Near 4000Hz, there is a sharp decline.
Fig. 4 a gives the sound spectrograph of the practical background noise of iphone6 mobile phone, and Fig. 4 b, which gives, utilizes the method for the present invention
The sound spectrograph of the final background noise of obtained iphone6 mobile phone, Fig. 4 c give the practical background noise of iphone6 mobile phone with
The frequency spectrum of the final background noise of the iphone6 mobile phone obtained using the method for the present invention is compared.It can be seen that from Fig. 4 c
The frequency of the practical background noise of iphone6 mobile phone and the final background noise of the iphone6 mobile phone obtained using the method for the present invention
Spectrum be it is much like, absolutely prove that it is feasible and effective that the method for final background noise of mobile phone is obtained in the method for the present invention.

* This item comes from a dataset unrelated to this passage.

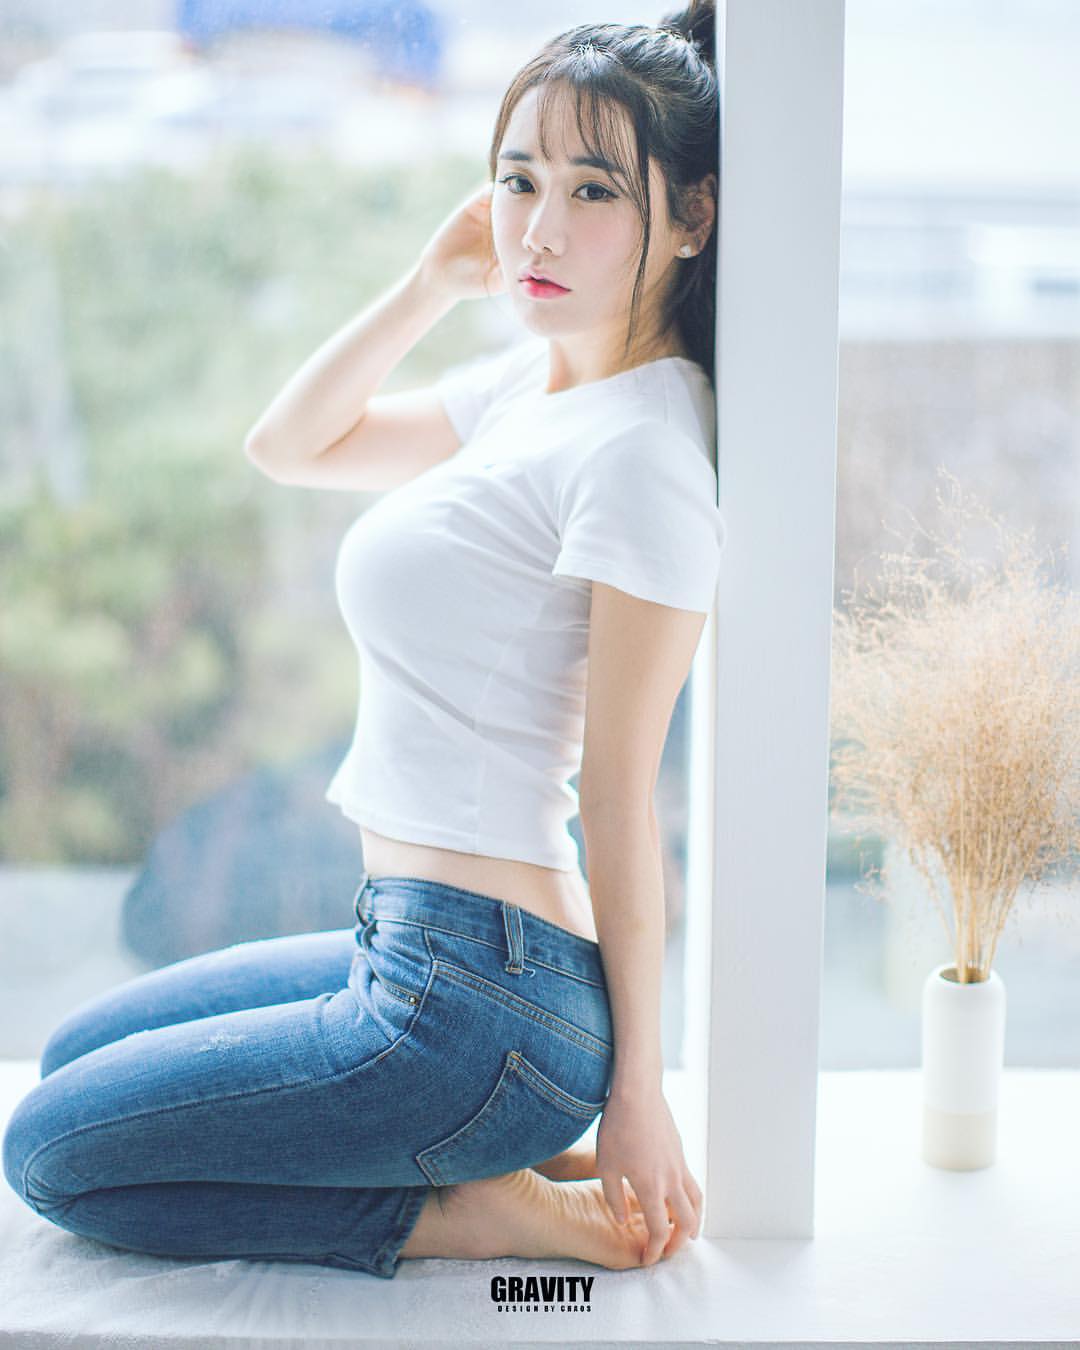 Skinny Cute Asian Girl Telegraph

6. counting nearly mute section of the total number in the corresponding tested speech word bank of each mobile phone, it is with the smallest total number
Base value, the half that base value is randomly choosed from all closely mute sections in the corresponding tested speech word bank of each mobile phone are closely quiet
Segment constitutes the corresponding sub- training set of each mobile phone, from remaining all close quiet in the corresponding tested speech word bank of each mobile phone
Nearly mute section of half that base value is randomly choosed in segment constitutes the corresponding sub- test set of each mobile phone;Then by all mobile phones pair
The sub- training set answered constitutes a total training set, and the corresponding sub- test set of all mobile phones is constituted a total test set;Then
The spectrum distribution feature of the final background noise of all mobile phones obtained by total training set is constituted into a training characteristics space, and
The spectrum distribution feature of the final background noise of all mobile phones obtained by total test set is constituted into a test feature space;It
Dimensionality reduction operation is carried out to training characteristics space using principal component analysis (PCA) method afterwards, then to the training characteristics space after dimensionality reduction
In all values be normalized;And mapping matrix used by dimensionality reduction operates is carried out to survey according to training characteristics space
It tries feature space and carries out dimensionality reduction operation, then all values in the test feature space after dimensionality reduction are normalized;Finally
The svm classifier function carried using Matlab first carries out model training to the training characteristics space after normalized, obtains one
A trained more disaggregated models recycle trained more disaggregated models mute section point nearly to each of total test set
Class differentiates.
In this particular embodiment, the step svm classifier function that 6. middle Matlab is carried uses RBF kernel function,
Optimal value is obtained using cross validation mode to penalty coefficient and gamma factor in Matlab included svm classifier function.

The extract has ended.